My suspicions confirmed, I resolved to take action immediately. I returned the journal to its place and moved silently back into his bedchamber. There I threw back the cover and leapt atop him, stifling him with my hand before he could cry out. I warned him not to act upon his bizarre schemes and then I fear the vapors of Shadow Bay, somehow clinging to that blasted stone, overwhelmed me. I do not remember what transpired.

The next morn I awoke to find my body battered with bruises and my clothing disheveled in an unseemly way. Carter was gone, but I discovered he had made good on his promise to contact the constabulary. They arrested me within the fortnight, expelling me from the college and leaving me only with the trunks full of photos I had taken through Carter's window and the fluid specimens I had collected on my few daring raids into his sleeping jacket.

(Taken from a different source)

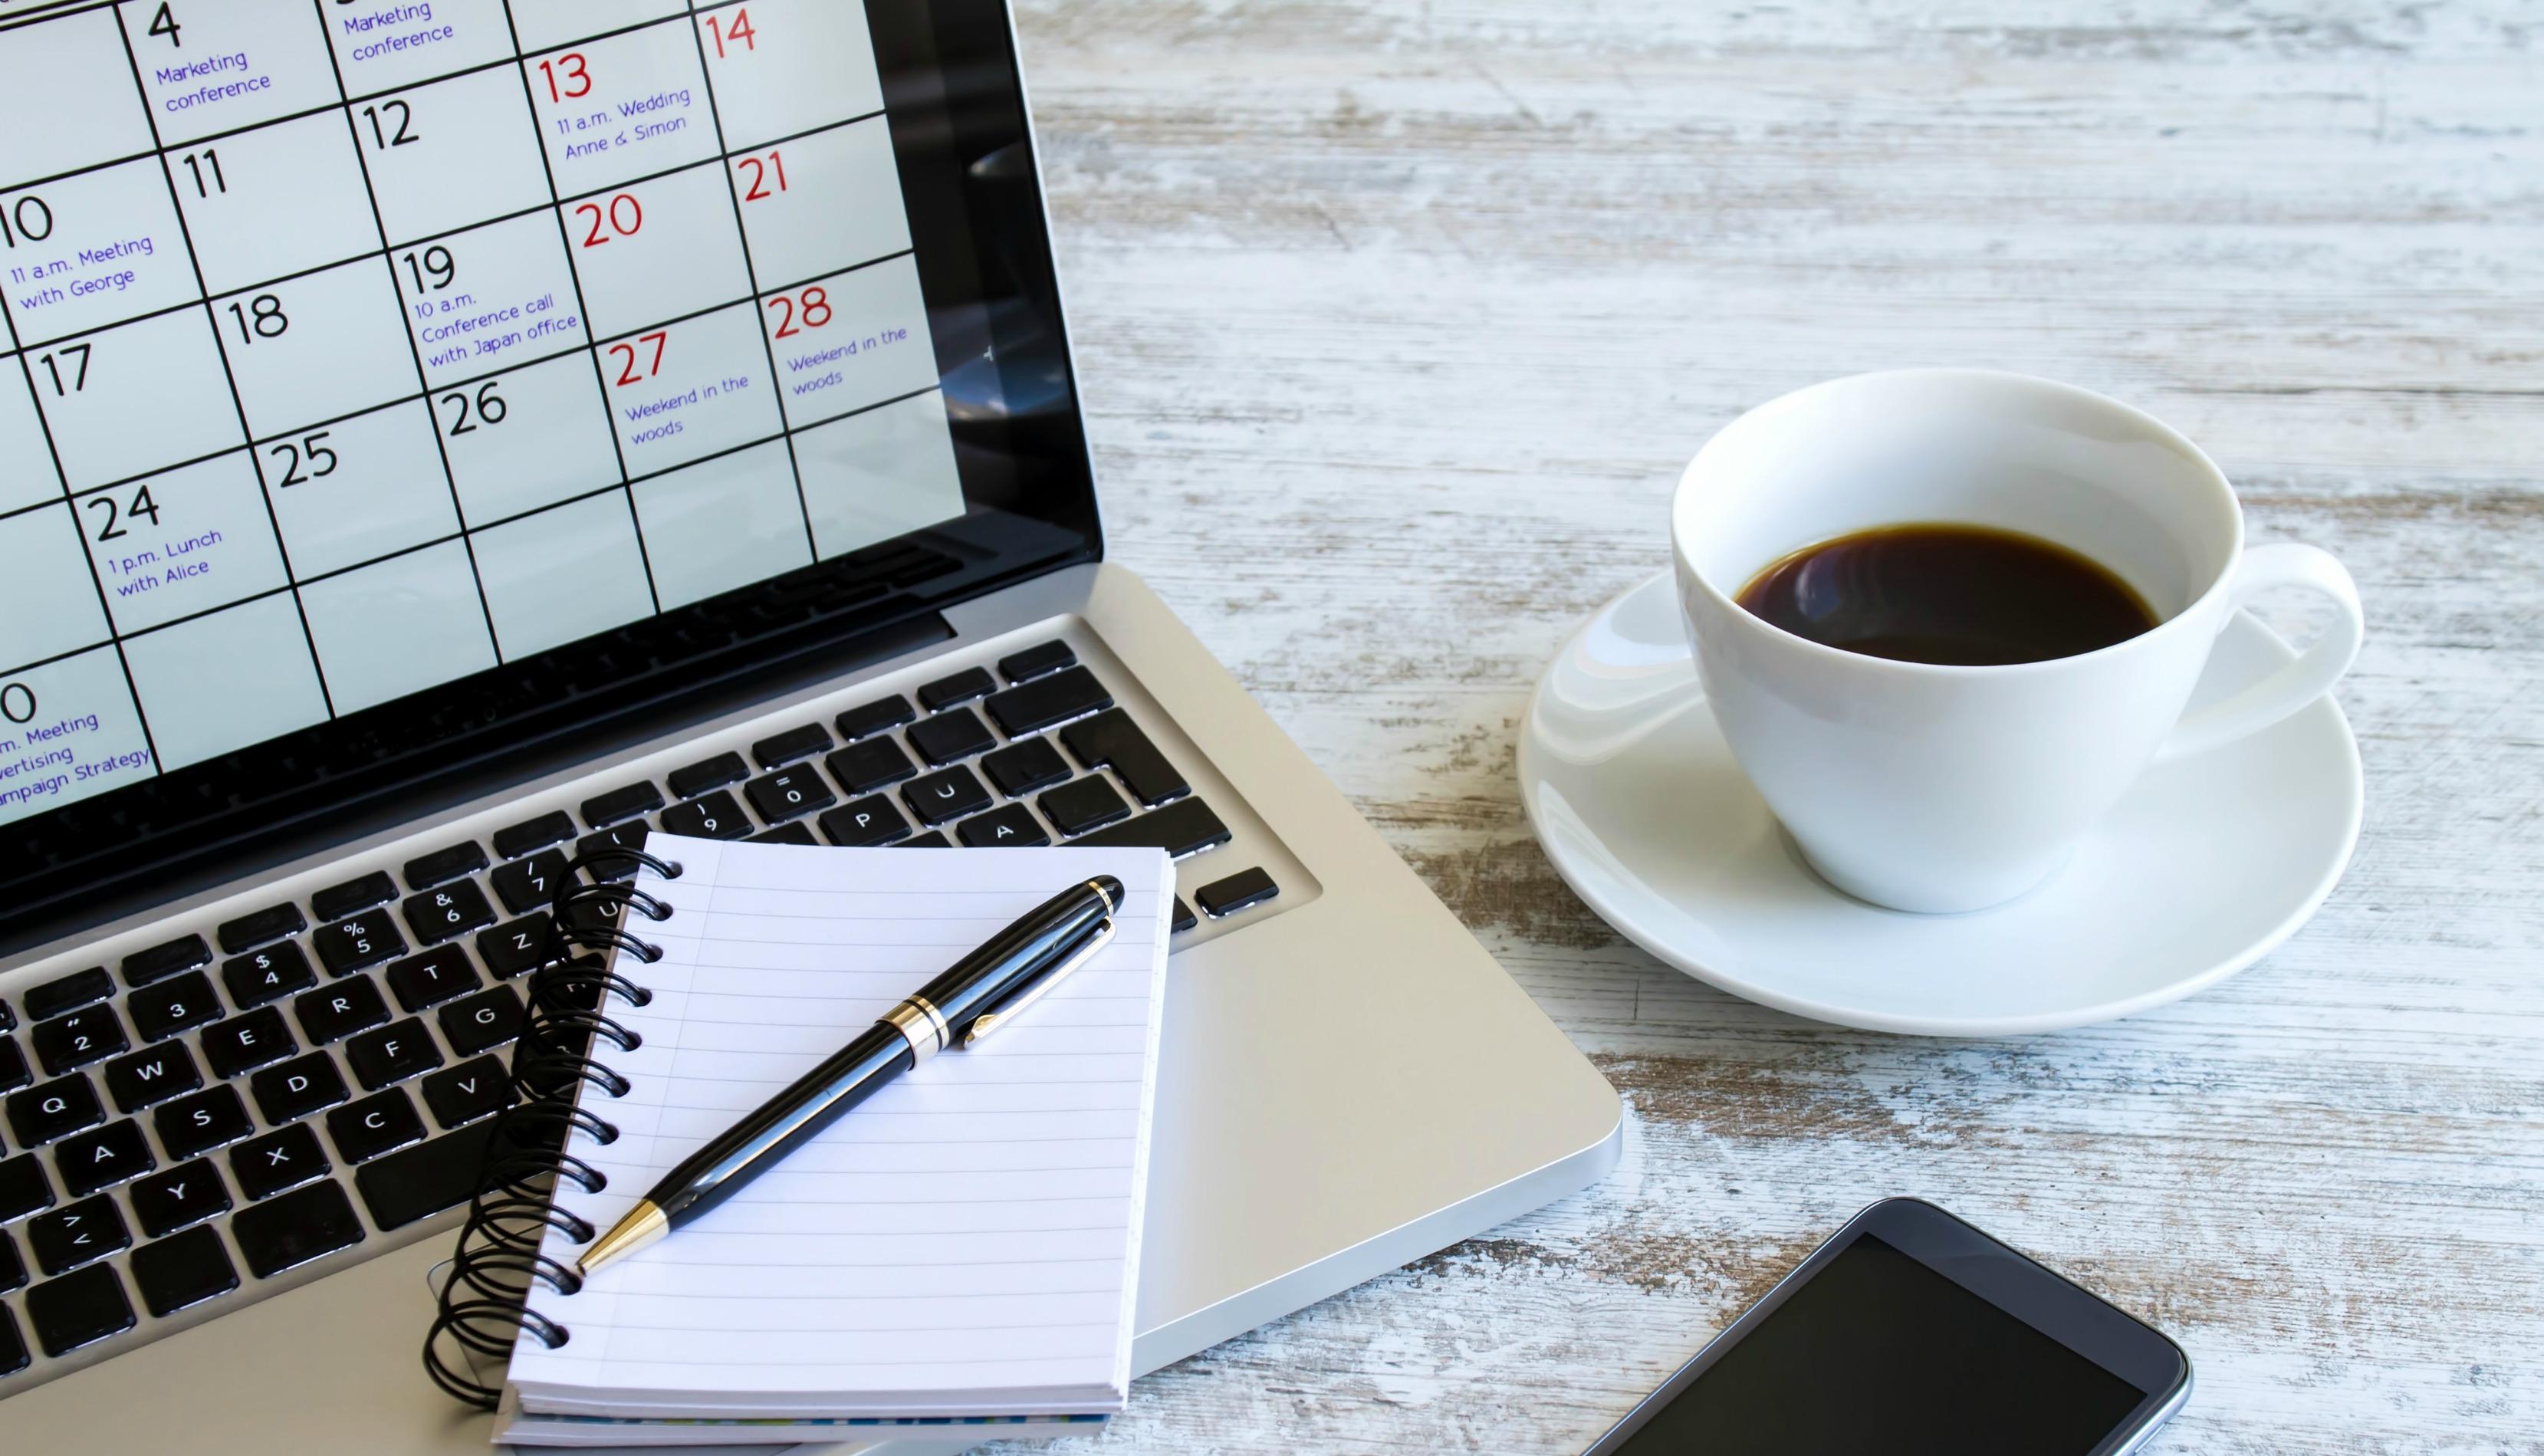 overbooking schedule
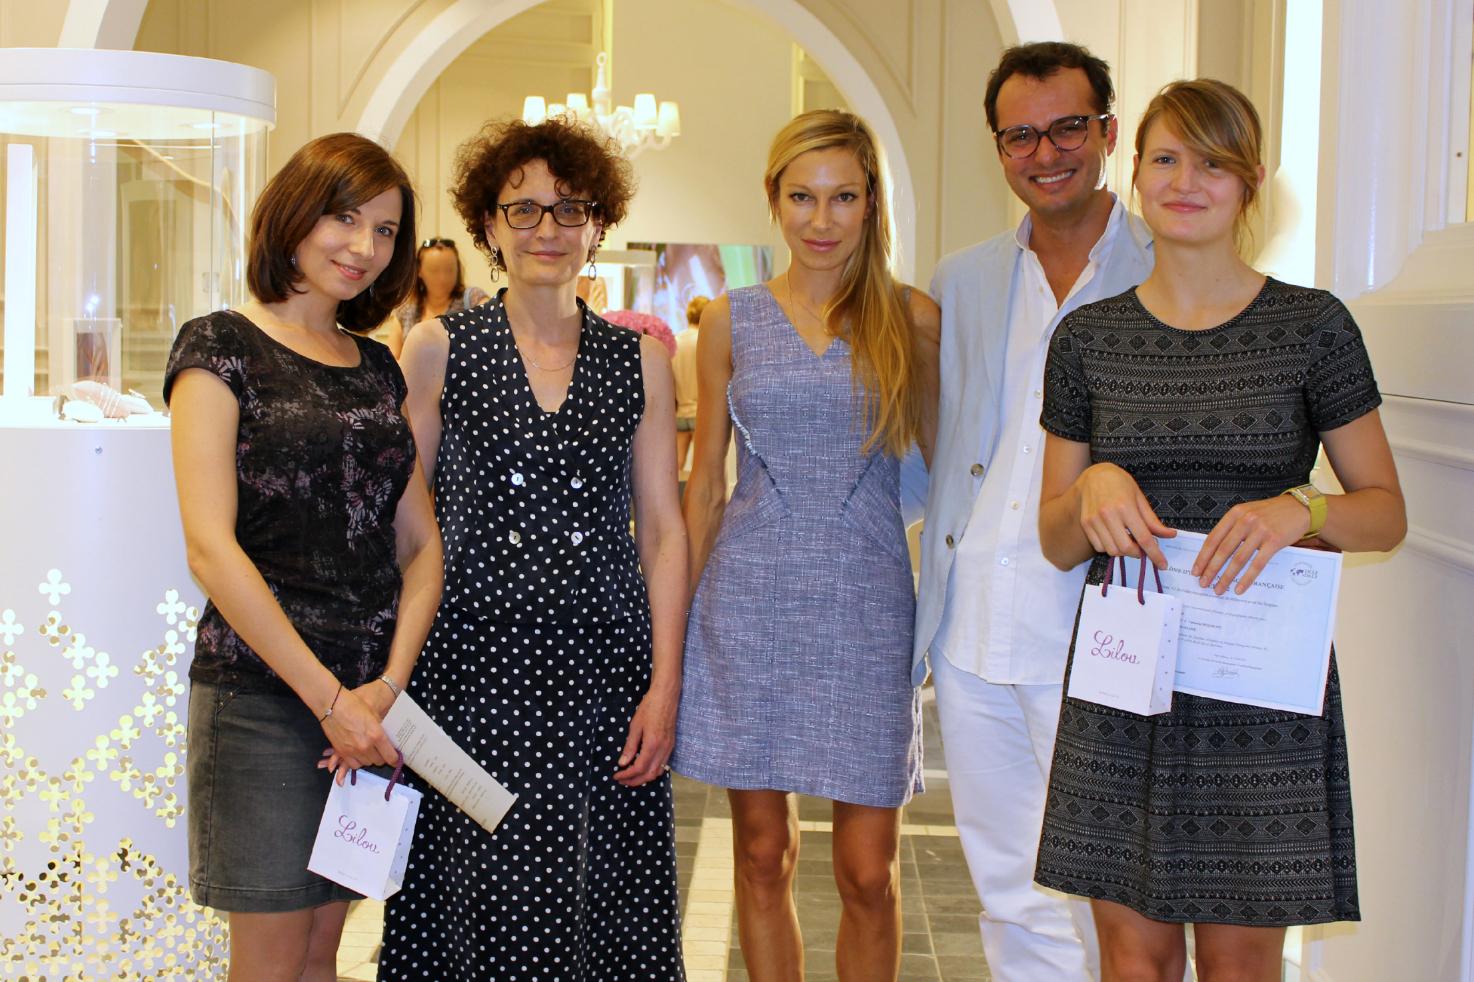 Remise des prix Lilou 2015 à deux étudiantes de l'IFP

There are some places, some secrets, that man was never intended to explore. I believe that Carter had attempted to defy the powers beyond comprehension and unlock the secrets of the Great Old Ones. Instead of knowledge or power, he found only madness, and I have lost a true friend.

Man, I regret writing that a lot. In any event, if you are somehow still interested in the work I so poorly satirized, you can check out HP Lovecraft at pretty much any book store. I heartily recommend his novella "At the Mountains of Madness", upon which the movie "The Thing" (particularly John Carpenter's version) was loosely based. If you did like my story for some horrifying reason, then I suggest you look into the band "The Darkest of the Hillside Thickets". They are heavy into HP Lovecraft and their upbeat yet twisted surf punk work features such tongue-in-cheek Lovecraft tributes as "Shoggoths Away", "The Innsmouth Look", and "Yig Snake Daddy."